3.1 Determination of NO2 sensitivity
Two sets of tests were performed to verify the sensitivity of the LGR CRDS to NO2. Response at high concentrations was verified at concentrations of 250 to 1000 ppb using dilutions of NO2 in zero air. A 514.5 ppm calibrated mixture of NO2 in N2 (Airgas) was diluted with a zero-air source to generate the required mixing ratios. The response at low concentrations was compared to a thermo chemiluminescent NOx detector between 1.5 and 11.5 ppb. Low-concentration NO2 was obtained using ambient lab air diluted using zero air. The results of these experiments are shown in Fig. 3.
The fit line has a slope of close to 1 over both measured ranges, indicating good agreement under both high- and low-concentration conditions. Since this experiment was performed using dilutions of zero air, any interference from NOy species in the CL detector would also be expected to scale with dilution. The urban location of the lab would support the relatively low levels of NOy compared to NO2, explaining the very small 4 % difference in slope between the two detectors. These experiments suggest an upper limit error due to the NO2 detection of 10 %. The intercept offset of the low-concentration experiment is 0.64 ppb, which may be attributable to the interference of organic nitrates in the chemiluminescence measurement or a slight zero offset in the chemiluminescence detector. Thus, the CRDS is accurate under both atmospherically relevant and elevated laboratory experiment conditions, but regular calibration against a known source or comparison with another NO2 measurement is nevertheless recommended.
3.2 Production of alkyl nitrates and peroxy nitrates using the Reed Environmental Chamber for TD-CRDS instrument characterization
The 400 L Teflon bag Reed Environmental Chamber (REC; Draper et al., 2015) was used to generate VOC + NO3 reaction products that could be analyzed using the TD-CRDS. The REC chamber was operated with steady inlet flows to the top of the chamber of zero air (4.3 L min−1), O3 (200 sccm), NO2 (4.4 sccm of 515 ppm), and VOC (14.2 sccm zero air through chilled liquid source containing gas-phase VOC of ∼100 ppm), which mix and react (average residence time ∼90 min) and are sampled for analysis from the bottom of the chamber. Zero air was generated using a Sabio Model 1001 zero-air generator, which removes water, particulates, and reactive gases.
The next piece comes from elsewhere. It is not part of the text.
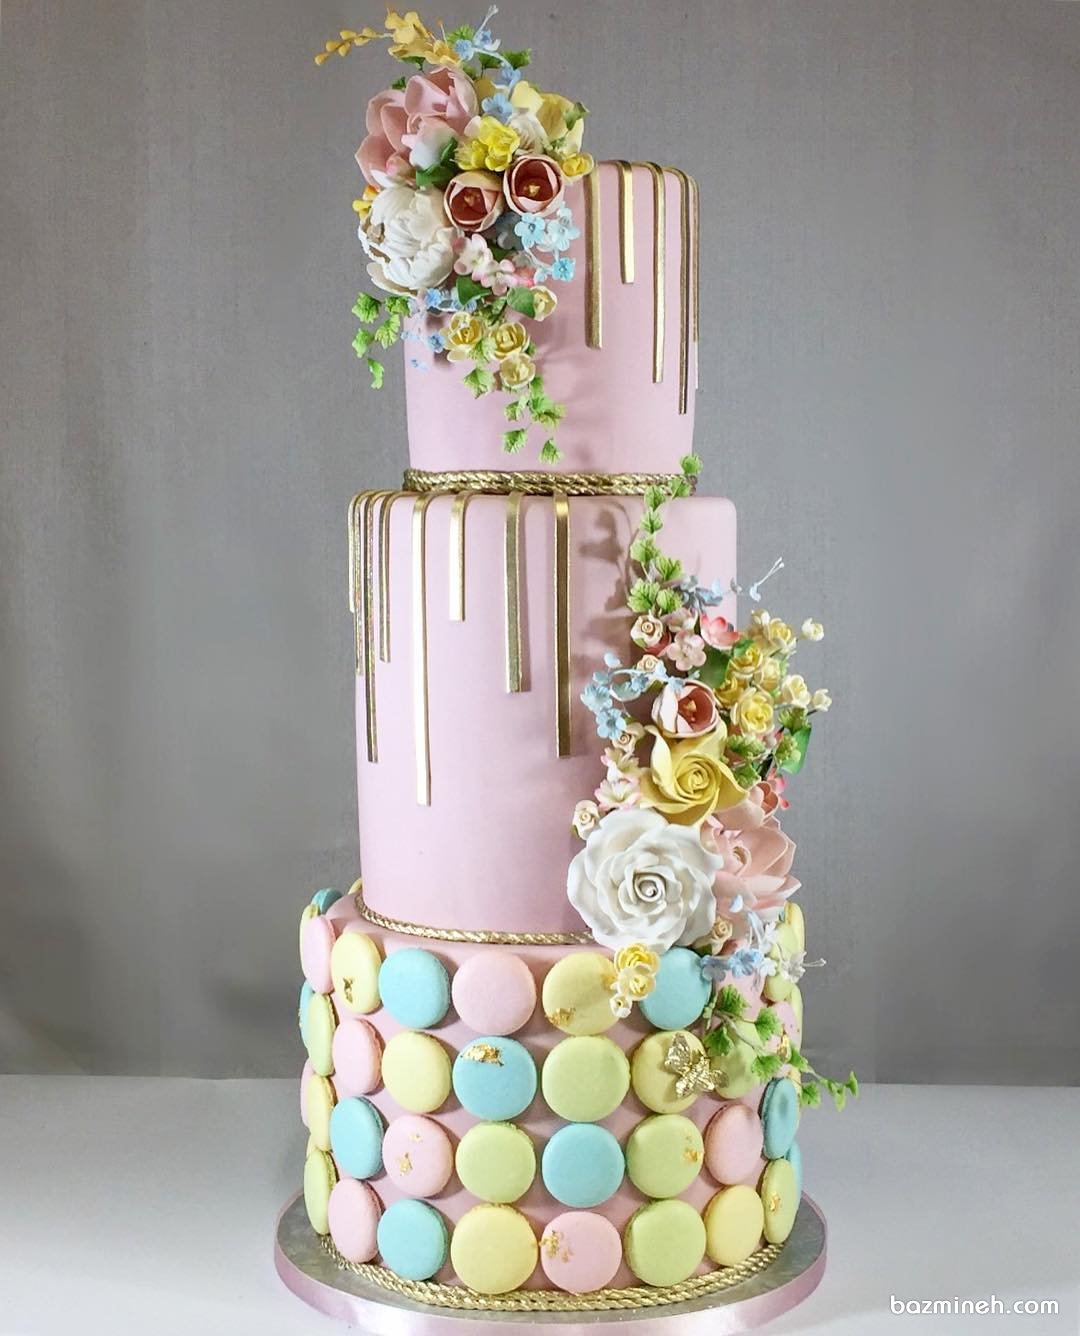 کیک سه طبقه جشن تولد دخترانه با تم صورتی و ایده جالب تزئین آن با ماکارون های رنگی 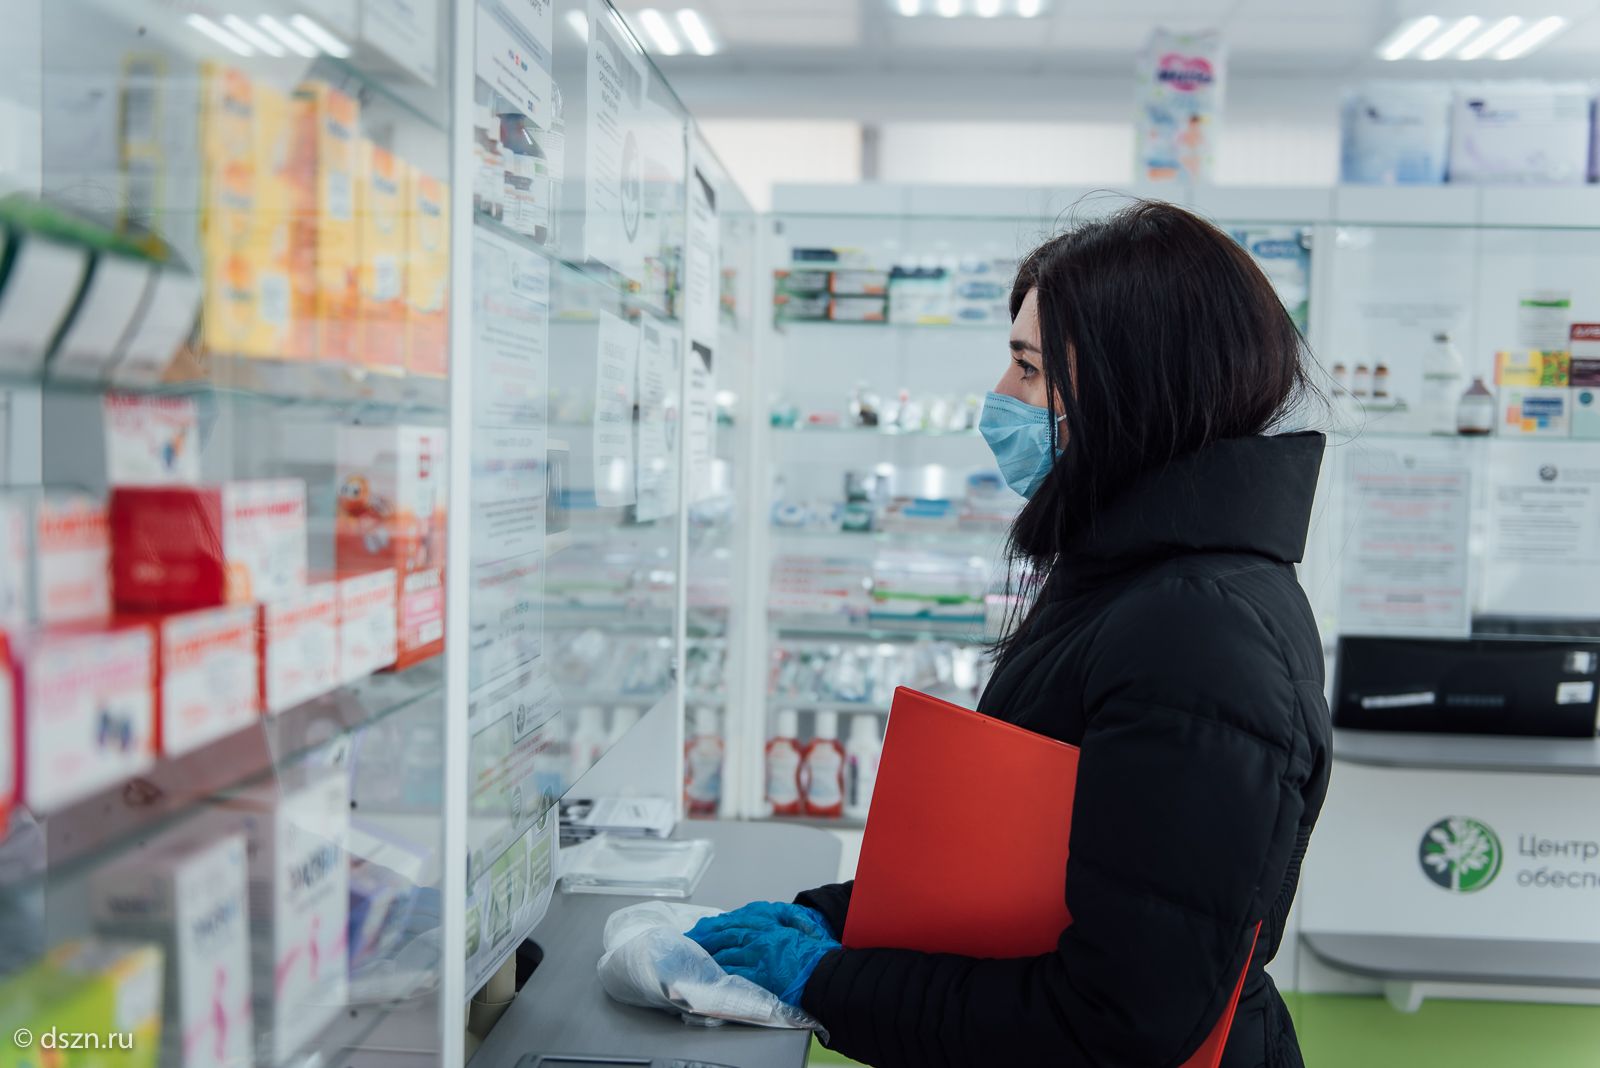 Аптечные сети Москвы запустили дистанционный заказ и доставки до двери квартиры безрецептурных лекарственных препаратов

Ozone was generated using a UV light source (Pen-Ray Hg lamp at 254 nm) inside the middle neck of a three-necked round bottom flask, and the concentration was altered by adjusting the depth of the light source in the flask. The constant NO2 source was a gas cylinder (Airgas, concentration analyzed 17 April 2013) with a concentration of 514.5 (±2 %) ppm NO2 in N2. Approximately 300 ppb VOCs (typical VOCs used are Δ-carene, limonene, α-pinene, or β-pinene) were generated by flowing zero air over a chilled liquid sample of VOC in a three-necked round bottom flask.
Ozone, zero-air, and NO2 flows were allowed to stabilize inside the chamber prior to introducing VOC flow to initiate the experiment. All flows were then continuous until the completion of the experiment. Particle number and size data were collected using a scanning electron mobility sizer (SEMS; Brechtel Manufacturing, Inc.), connected via conductive silicone tubing to minimize particle losses. Ozone concentration was measured using a Dasibi Model 1003-AH ozone monitor or Teledyne Model T400.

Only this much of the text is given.